322A - Ciel and Dancing 322B - Ciel and Flowers

乱七八糟的杂题。。

A. Ciel and Dancing

time limit per test
1 second

memory limit per test
256 megabytes

input
standard input

output
standard output

Fox Ciel and her friends are in a dancing room. There are
n boys and m girls here, and they never danced before. There will be some songs, during each song, there must be exactly one boy and one girl are dancing. Besides, there is a special rule:

either the boy in the dancing pair must dance for the first time (so, he didn't dance with anyone before);

or the girl in the dancing pair must dance for the first time.

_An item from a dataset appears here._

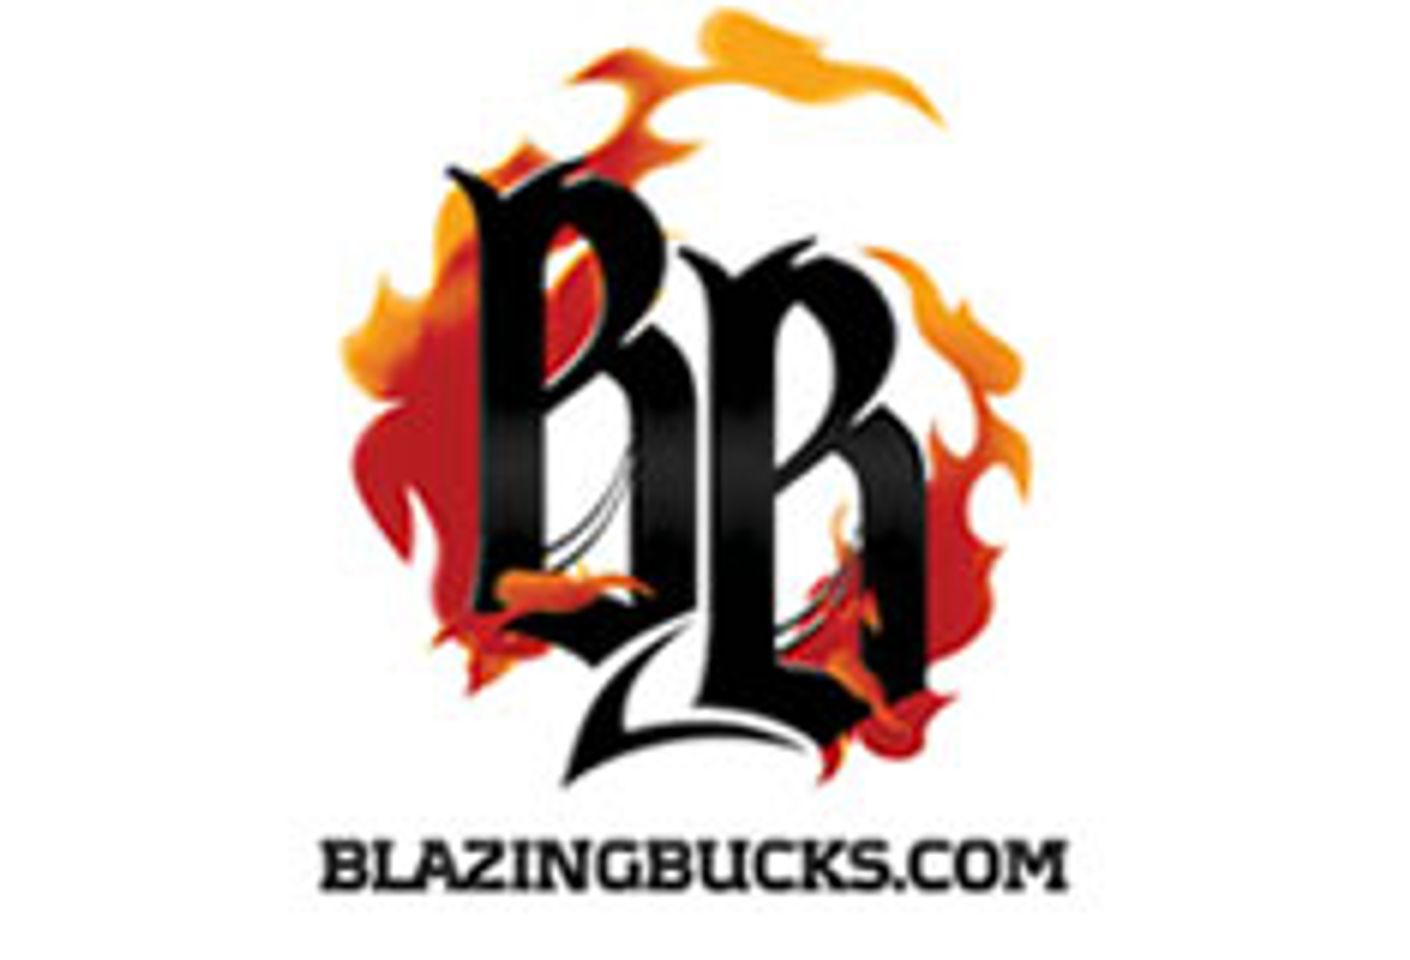 BlazingBucks.com Launches DylanRyder.com

Help Fox Ciel to make a schedule that they can dance as many songs as possible.

Input
The first line contains two integers n and
m (1 ≤ n, m ≤ 100) — the number of boys and girls in the dancing room.

Output
In the first line print k — the number of songs during which they can dance. Then in the following
k lines, print the indexes of boys and girls dancing during songs chronologically. You can assume that the boys are indexed from 1 to
n, and the girls are indexed from 1 to
m.

Sample test(s)

Input

2 1

Output

2
1 1
2 1

Input

2 2

Output

3
1 1
1 2
2 2

Note
In test case 1, there are 2 boys and 1 girl. We can have 2 dances: the 1st boy and 1st girl (during the first song), the 2nd boy and 1st girl (during the second song).

And in test case 2, we have 2 boys with 2 girls, the answer is 3.

题意很明显，给出n男m女跳舞，每次跳的人中必须有一男一女且其中一个是第一次跳。

int q, w;

int main()
{
    while( ~scanf("%d%d", &q, &w) ) {
        int ans = 2 * min( q, w ) - 1 + max( q, w ) - min( q, w );
        printf("%d\n", ans);
        int i = 1, j = 1;
        for( ; i <= min(q, w); ) {
            printf("%d %d\n", i, j);
            if( (i+j) % 2 == 0 )
                i++;
            else
                j++;
        }
        if( q > w ) {
            for( i = w+1; i <= q; ++i ) {
                printf("%d %d\n", i, w);
            }
        }
        else {
            for( i = q+1; i <= w; ++i ) {
                printf("%d %d\n", q, i);
            }
        }
    }
    return 0;
}

B. Ciel and Flowers

time limit per test
1 second

memory limit per test
256 megabytes

input
standard input

output
standard output

Fox Ciel has some flowers: r red flowers,
g green flowers and
b blue flowers. She wants to use these flowers to make several bouquets. There are 4 types of bouquets:

To make a "red bouquet", it needs 3 red flowers.
To make a "green bouquet", it needs 3 green flowers.
To make a "blue bouquet", it needs 3 blue flowers.
To make a "mixing bouquet", it needs 1 red, 1 green and 1 blue flower.

Help Fox Ciel to find the maximal number of bouquets she can make.

Input
The first line contains three integers r,
g and b (0 ≤ r, g, b ≤ 109) — the number of red, green and blue flowers.

Output
Print the maximal number of bouquets Fox Ciel can make.

Sample test(s)

Input

3 6 9

Output

6

Input

4 4 4

Output

4

Input

0 0 0

Output

0

Note
In test case 1, we can make 1 red bouquet, 2 green bouquets and 3 blue bouquets.

In test case 2, we can make 1 red, 1 green, 1 blue and 1 mixing bouquet.

题意更果的B

int r, g, b;

int main()
{
    while( ~scanf("%d%d%d", &r, &g, &b ) ) {
        int ans = r / 3 + g / 3 + b / 3;
        int rr = r, gg = g, bb = b;
        r %= 3, g %= 3, b %= 3;
        int minn = min ( r, min( g, b ) );
        int maxx = max ( r, max( g, b ) );
        if( minn )
            ans += minn;
        else {
            if( maxx == minn )
                ans += maxx;
            else if( maxx == 2 && minn == 0 ) {
                if( (r == g && r == 2 || r == b && r == 2 || g == b && g == 2) && ans && min( rr, min( gg, bb )) )
                    ans++;
            }
        }
        printf("%d\n", ans);
    }
    return 0;
}

表示我来过~ ~